§ **Task prompt**
Reproduce every line of the data, exactly and without its pictures.

§ **Data section**
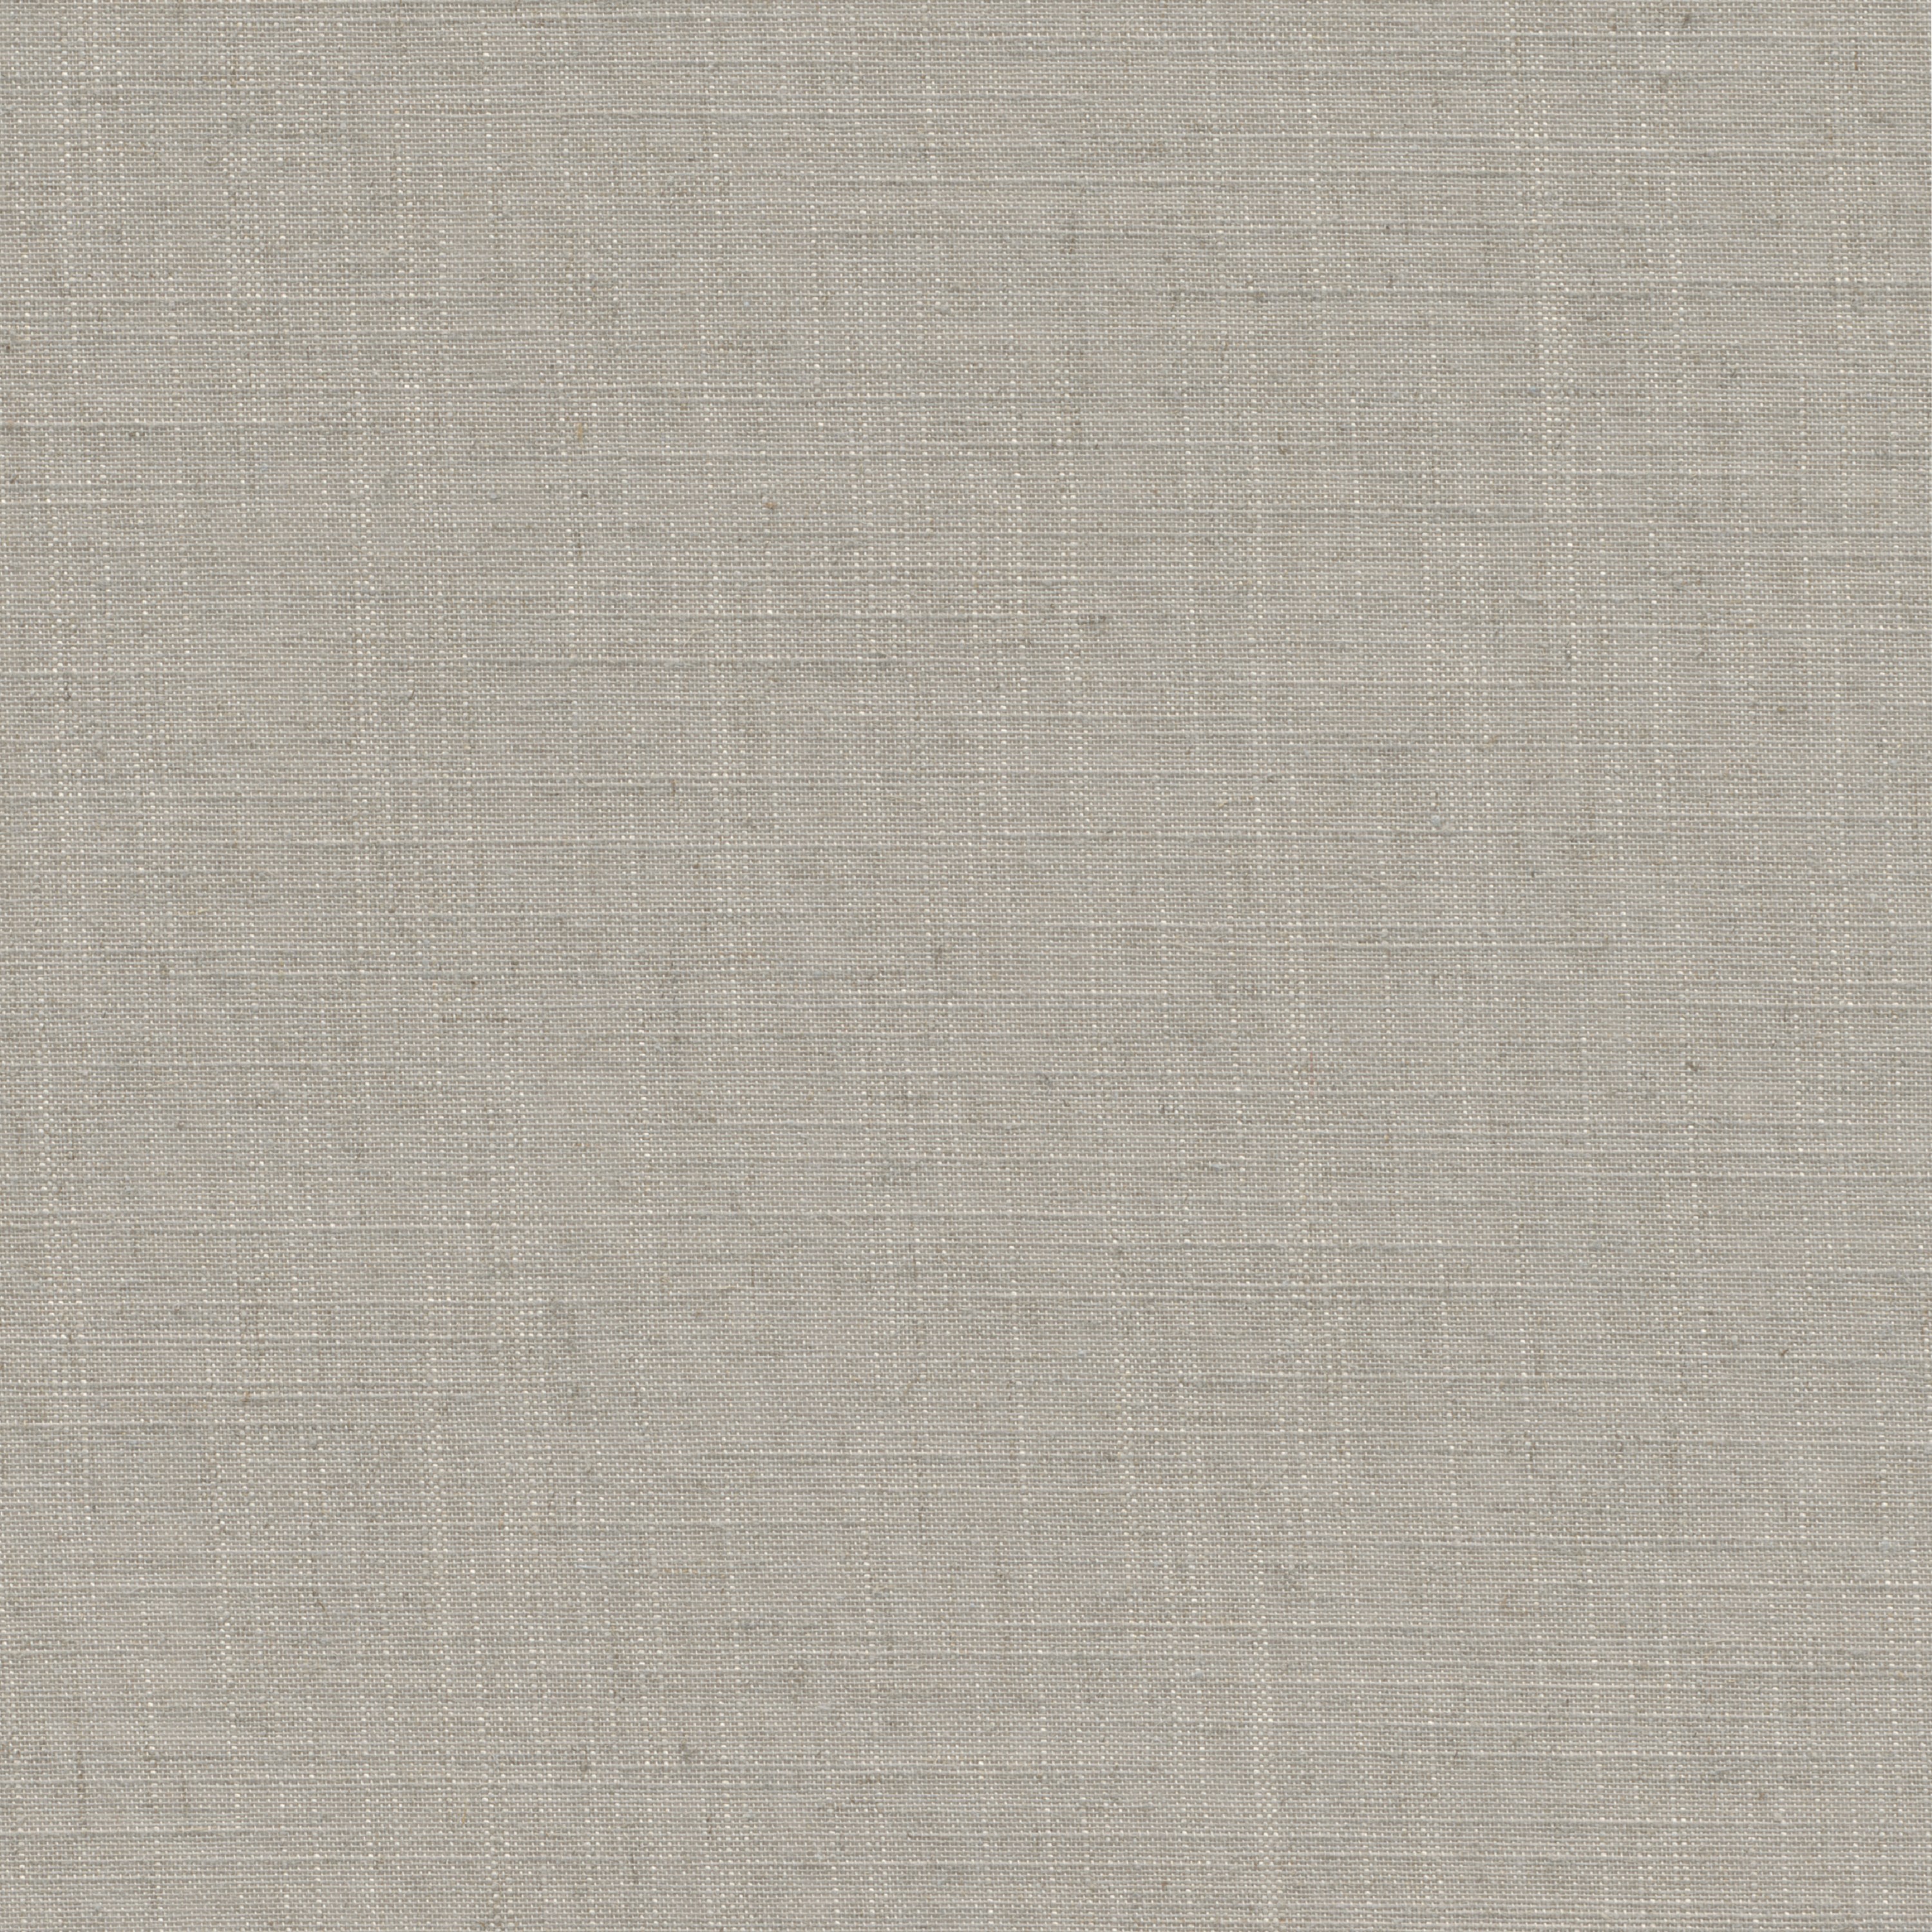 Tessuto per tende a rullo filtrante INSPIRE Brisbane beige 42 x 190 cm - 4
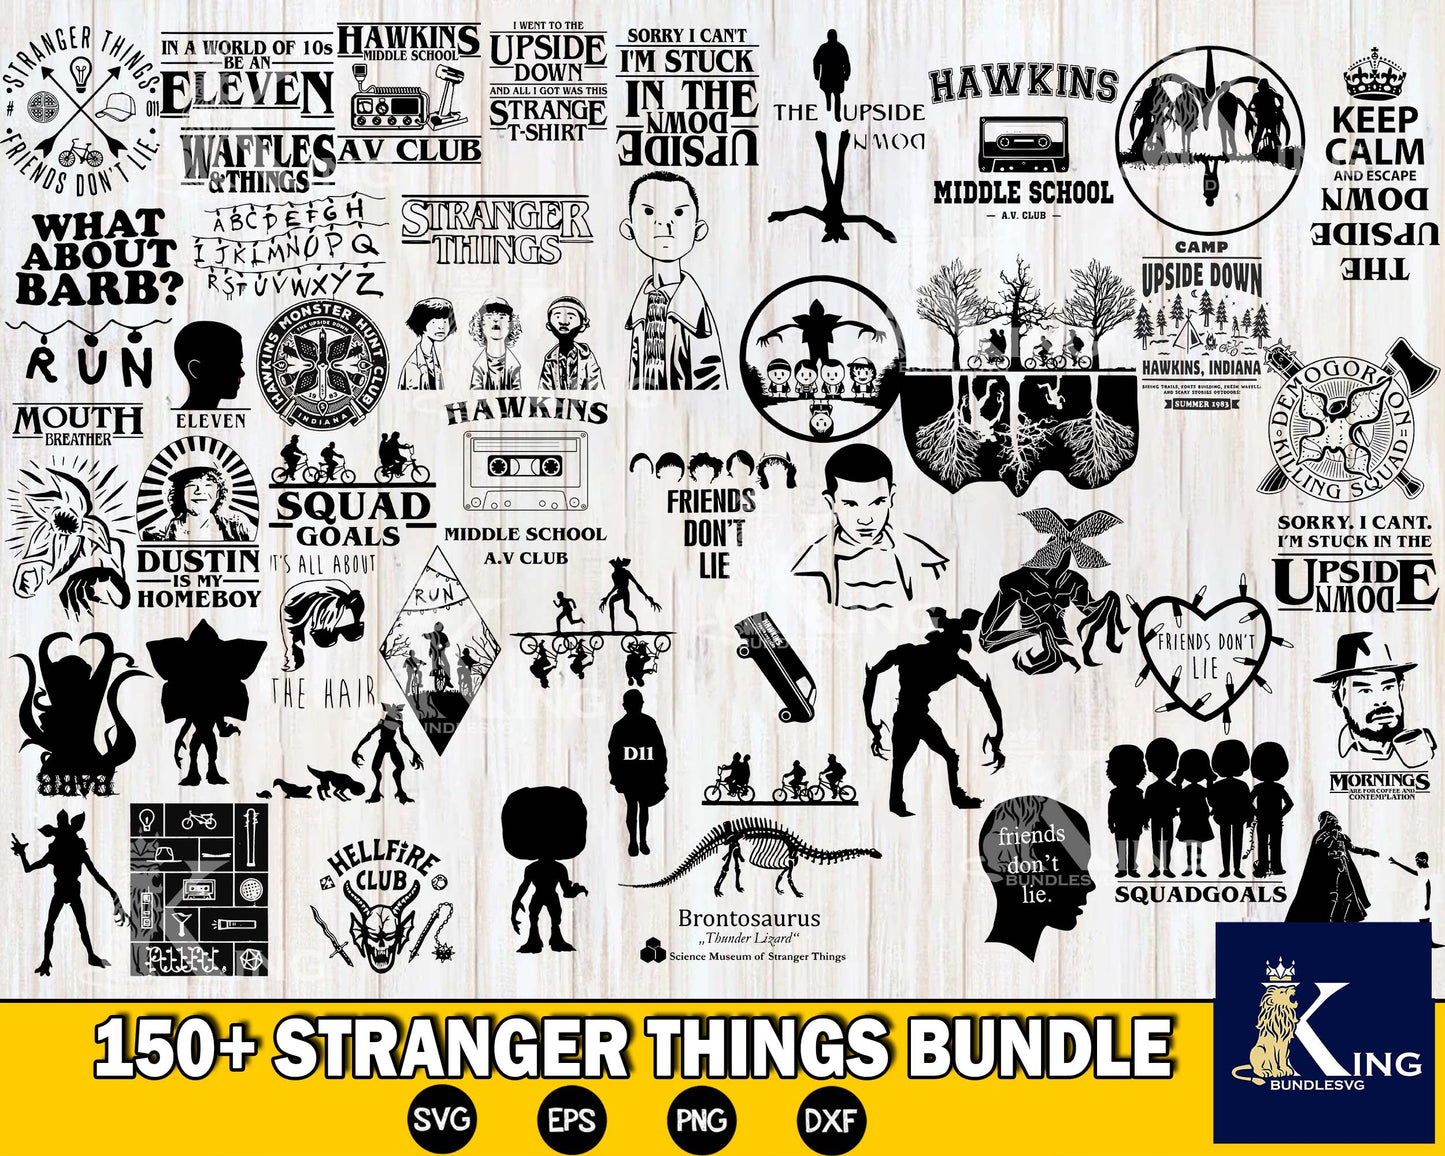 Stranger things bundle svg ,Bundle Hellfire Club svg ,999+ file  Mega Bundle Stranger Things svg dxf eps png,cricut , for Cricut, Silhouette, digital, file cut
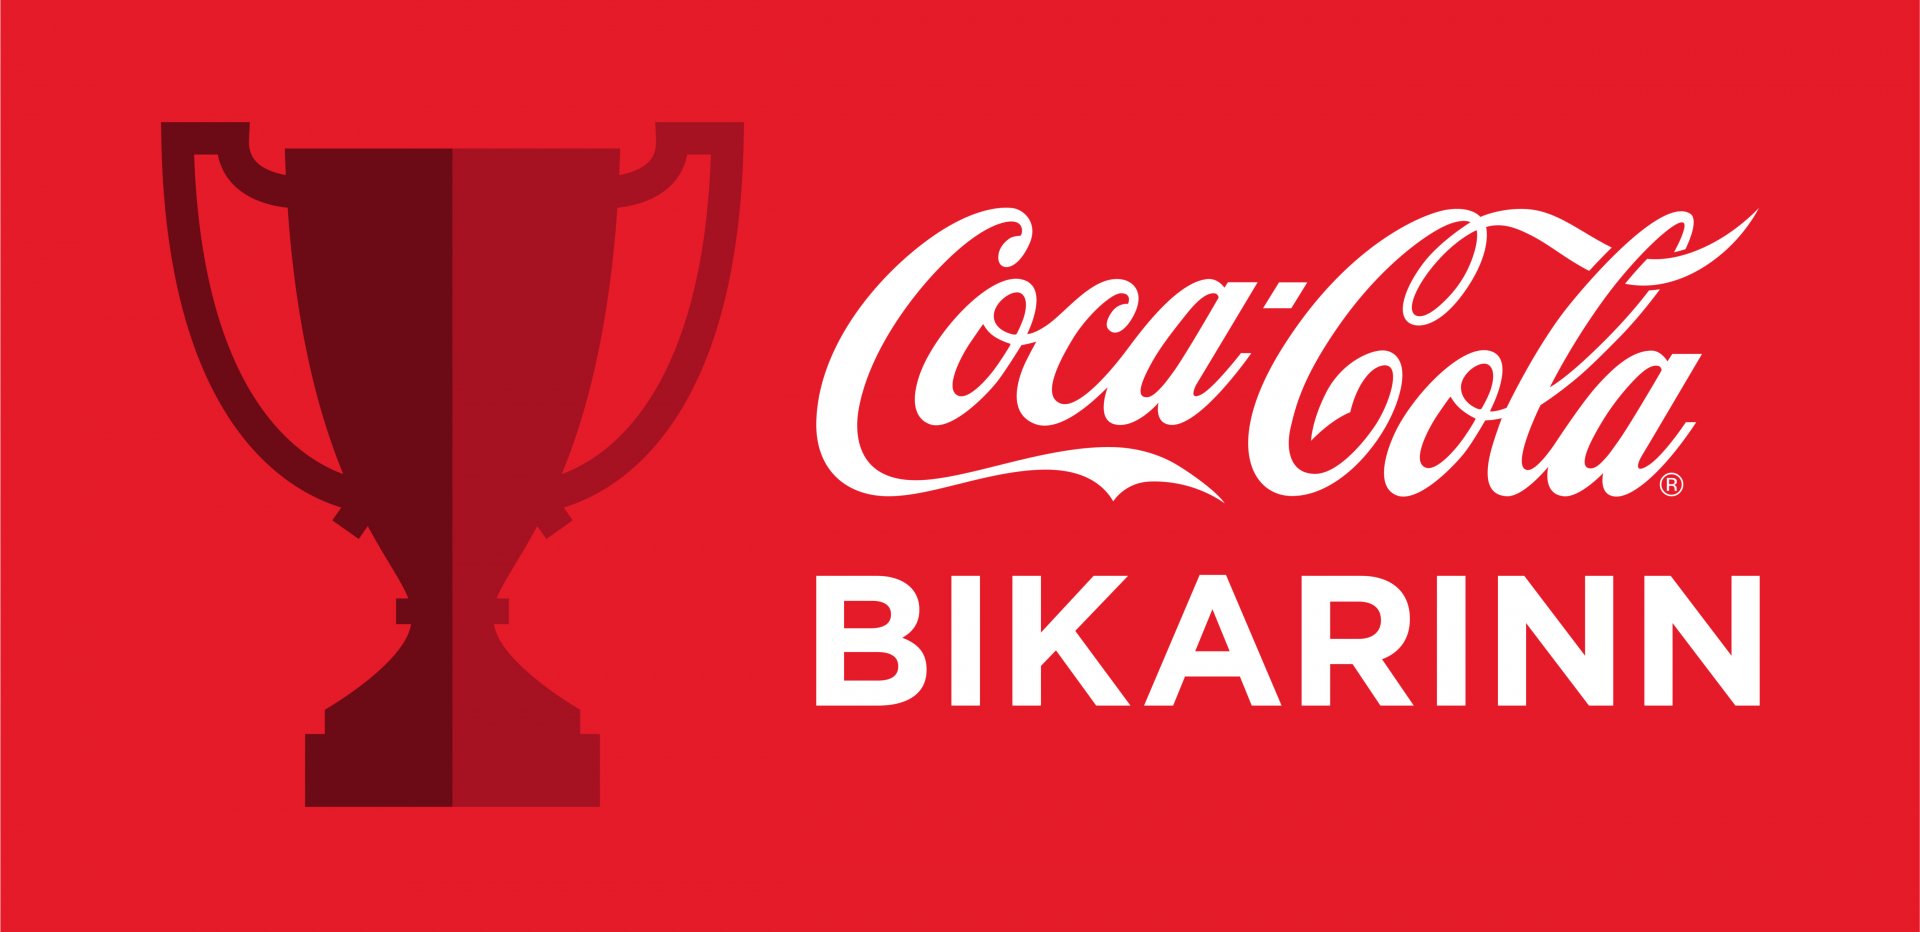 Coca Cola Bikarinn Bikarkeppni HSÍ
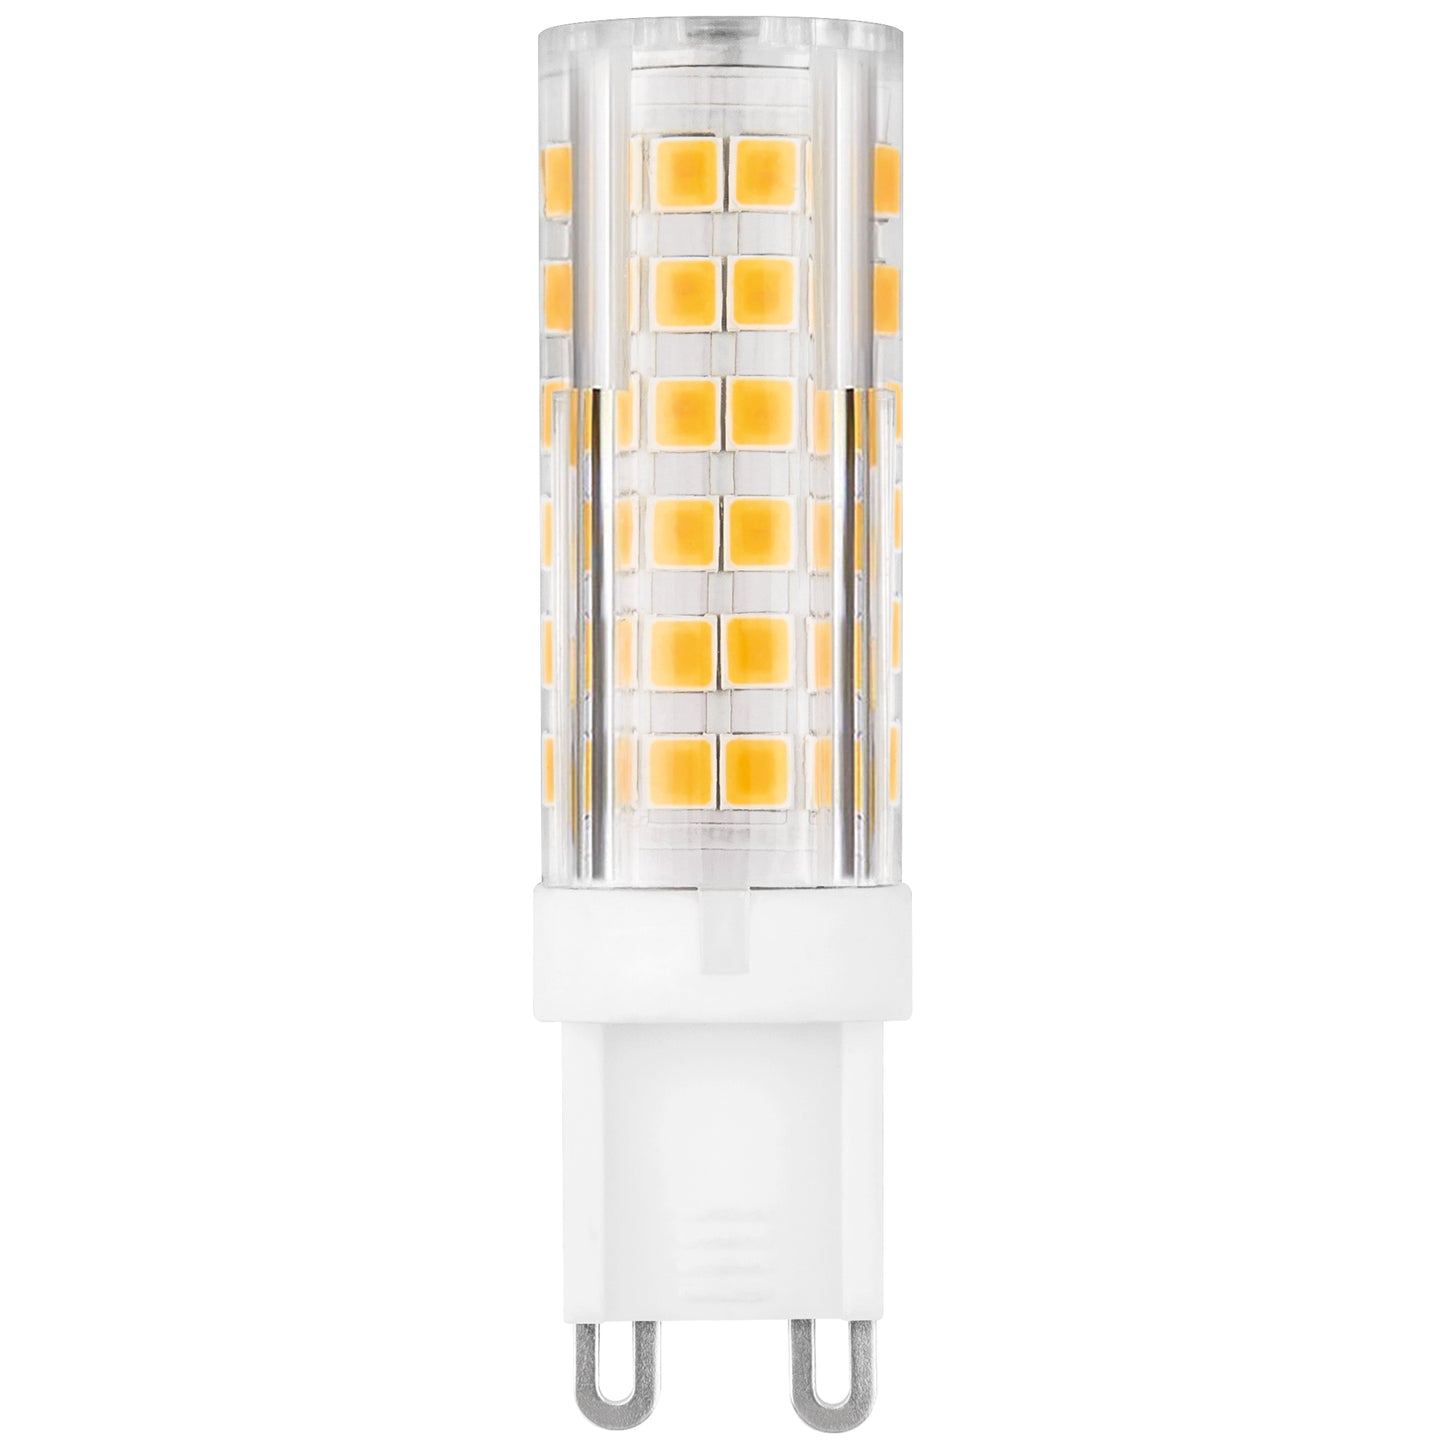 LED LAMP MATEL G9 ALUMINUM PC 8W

§ **Exercise result**
 Tessuto per tende a rullo filtrante INSPIRE Brisbane beige 42 x 190 cm - 4
 Stranger things bundle svg ,Bundle Hellfire Club svg ,999+ file  Mega Bundle Stranger Things svg dxf eps png,cricut , for Cricut, Silhouette, digital, file cut
 Coca Cola Bikarinn Bikarkeppni HSÍ
 LED LAMP MATEL G9 ALUMINUM PC 8W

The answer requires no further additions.